Churches, wine tasting and bar hopping in La Rioja, Spain
Known more as a choice tipple to accompany a steak than an historic region in northern Spain, La Rioja is nonetheless a province well worth a visit. Its name comes from the Rio Oja (the ‘Leafy River‘) which, as a tributary of the river Ebro, waters the vines that produce some of Spain’s finest wines.
Just an hour’s drive from Bilbao, most of the ‘Bodegas’ (wineries) found around the small town of Haro offer tours, wine tasting and the chance to buy. Try the Paternina Bodega ‘Conde de los Andes’, with its superb adjoining restaurant (www.restaurantelconde.com ) in Ollauri, a nearby village off the tourist track.

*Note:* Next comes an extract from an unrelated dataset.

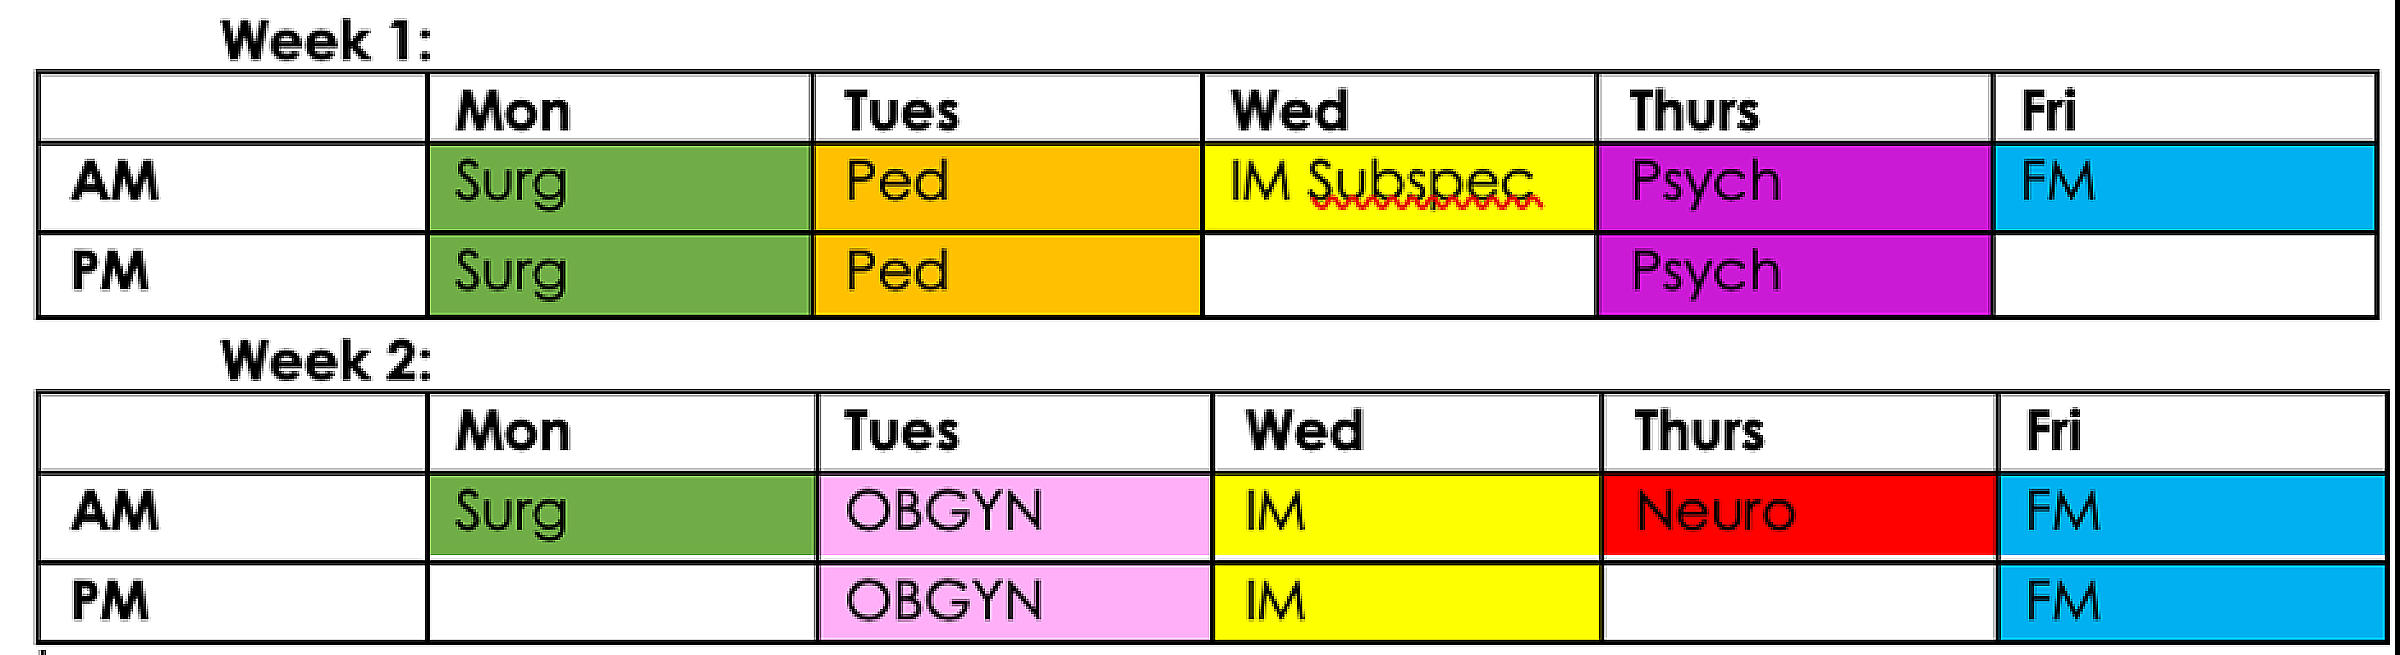 LIC student schedule

Both Haro and the region’s capital Logroño have lively, must-visit, bar hopping areas: the former on the Calle de la Herradura and the latter centred around ‘El Laurel’ street, where the whole drag is given over to small tapas bars, each one specializing in different, mouth-watering, hot tapas. A special small measure of beer, ‘un corto’ (a short) is available for those who like to stay on their feet.
Amongst the region’s cultural highlights are the Monasterio de Yuso, reputedly the cradle of the Spanish language (manuscripts there contain the first notes in Hispanic-Romance) and Santo Domingo de la Calzada’s early Gothic Cathedral.
On the Camino de Santiago, many of the small hilltop villages are dominated by surprisingly impressive churches. The villages, some walled, are a pleasure in themselves.
Fly to Bilbao or take the Ferry to Santander.